From an overall market perspective, LPL Financial’s $600 million listing on Friday, June 4, arrives during a period of volatility, with a boomlet of financial services IPOs in the first four months of 2010 followed by a steep fall-off in May.
“This financial offering is a big surprise. The ability to sell stock right now is uncertain, and IPOs are being pulled left and right. More IPOs were pulled in the month of May than in December 2008,” said Richard Bove, a high-profile U.S. banking analyst now with Rochdale Securities in Stamford, Connecticut.

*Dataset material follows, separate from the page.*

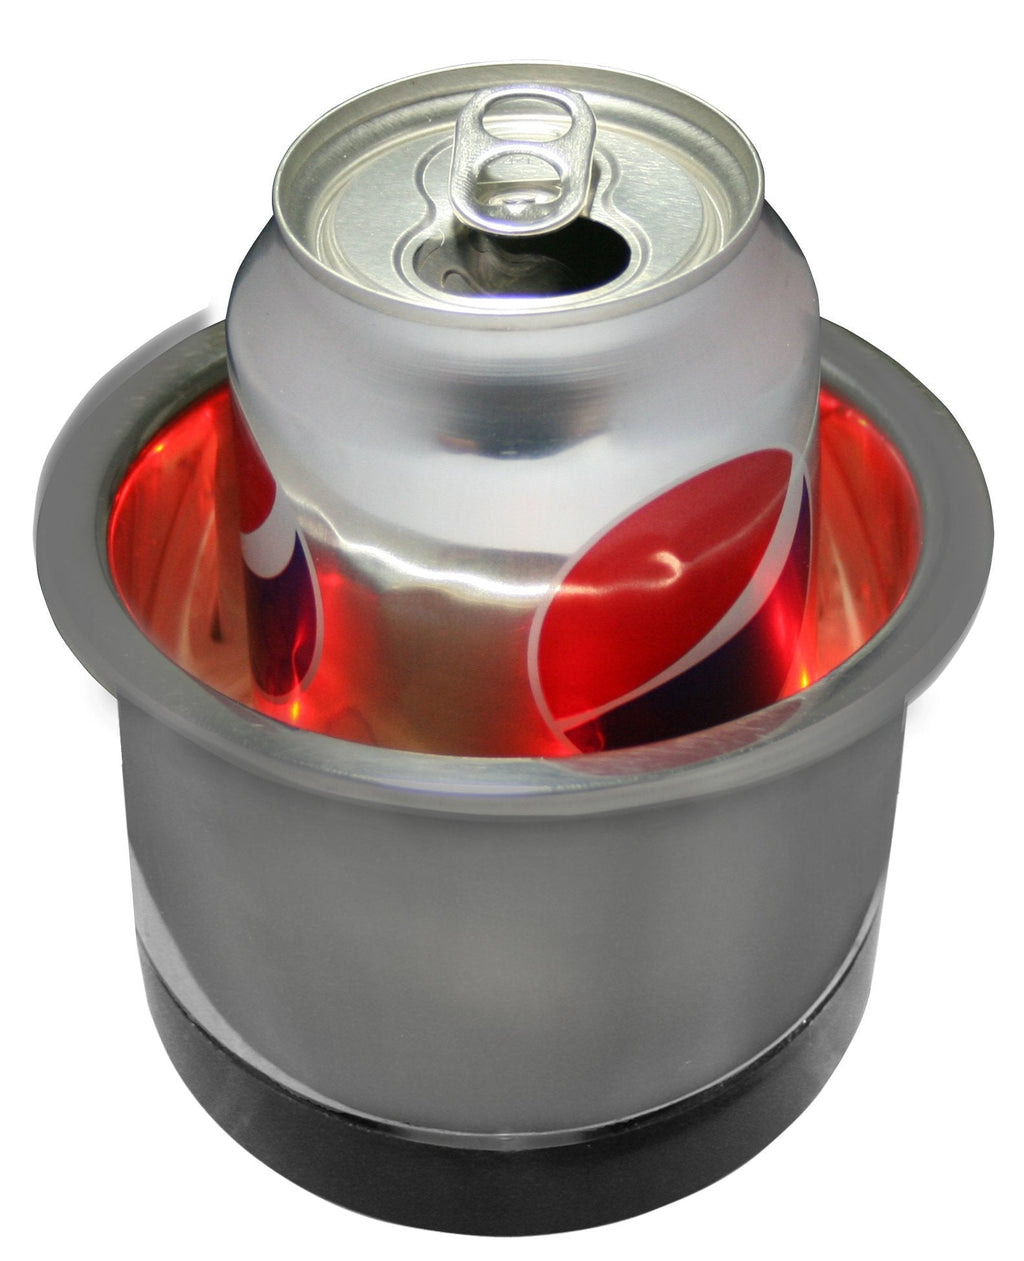  [AUSTRALIA] - SeaSense Stainless Steel Cup Holder LED Illuminated Red

To come with a financial offering now is “gutsy,” Bove said, adding, “I do hope it’s a major success because it will indicate there’s money out there for money-instrument companies.”
Through April 22, 2010, the financial services sector has seen 10 IPO pricings, according to data from Renaissance Capital. This compares to only 11 financial services pricings in all of 2009 and a mere three pricings during the worst of the recession in 2008.
May’s performance aside, if financial services IPOs continue in 2010 as they have over the first four months of the year, they will match the pre-recession levels of pricings in 2007, which saw 29 pricings for the whole year, and 2006, which saw 27. But the current state of the stock market may not cooperate with LPL’s plans or, for that matter, investors’ desire to put their money into IPOs.
“We’re in a correction mode right now. The market has declined 10% to 20% from the S&P 500′s closing high of 1,217 on April 23. We are more than 12% below that level,” said Sam Stovall, S&P Equity Research chief investment strategist.